── Working data ──

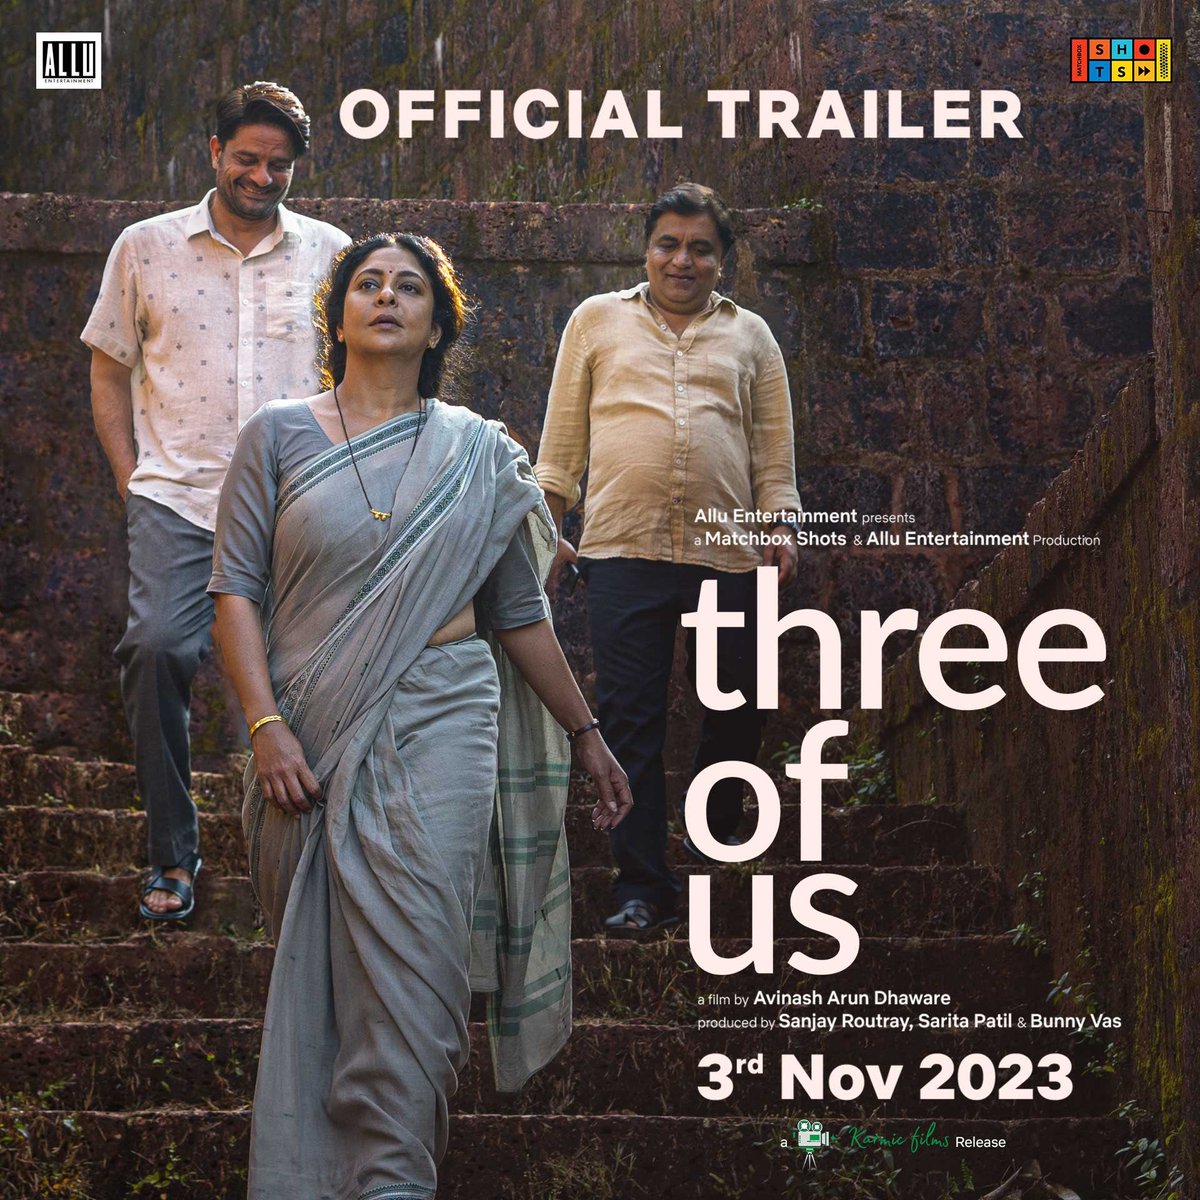 Three Of Us trailer is out now
Stars: #ShefaliShah, #JaideepAhlawat & #SwanandKirkire, In cinemas from Nov 3...
#ThreeOfUs
Directed by #AvinashArunDhaware
Produced by #SanjayRoutray, #SaritaPatil & #BunnyVas #AlluEntertainment
Trailer🔗: youtu.be/LGMsX_RzGl4

───

#### Task goal
In the records above, copy exactly the lines from the one that contains "Stars: #ShefaliShah, #JaideepAhlawat" through the last, and nothing else.

#### Solution for this problem
Stars: #ShefaliShah, #JaideepAhlawat & #SwanandKirkire, In cinemas from Nov 3...
#ThreeOfUs
Directed by #AvinashArunDhaware
Produced by #SanjayRoutray, #SaritaPatil & #BunnyVas #AlluEntertainment
Trailer🔗: youtu.be/LGMsX_RzGl4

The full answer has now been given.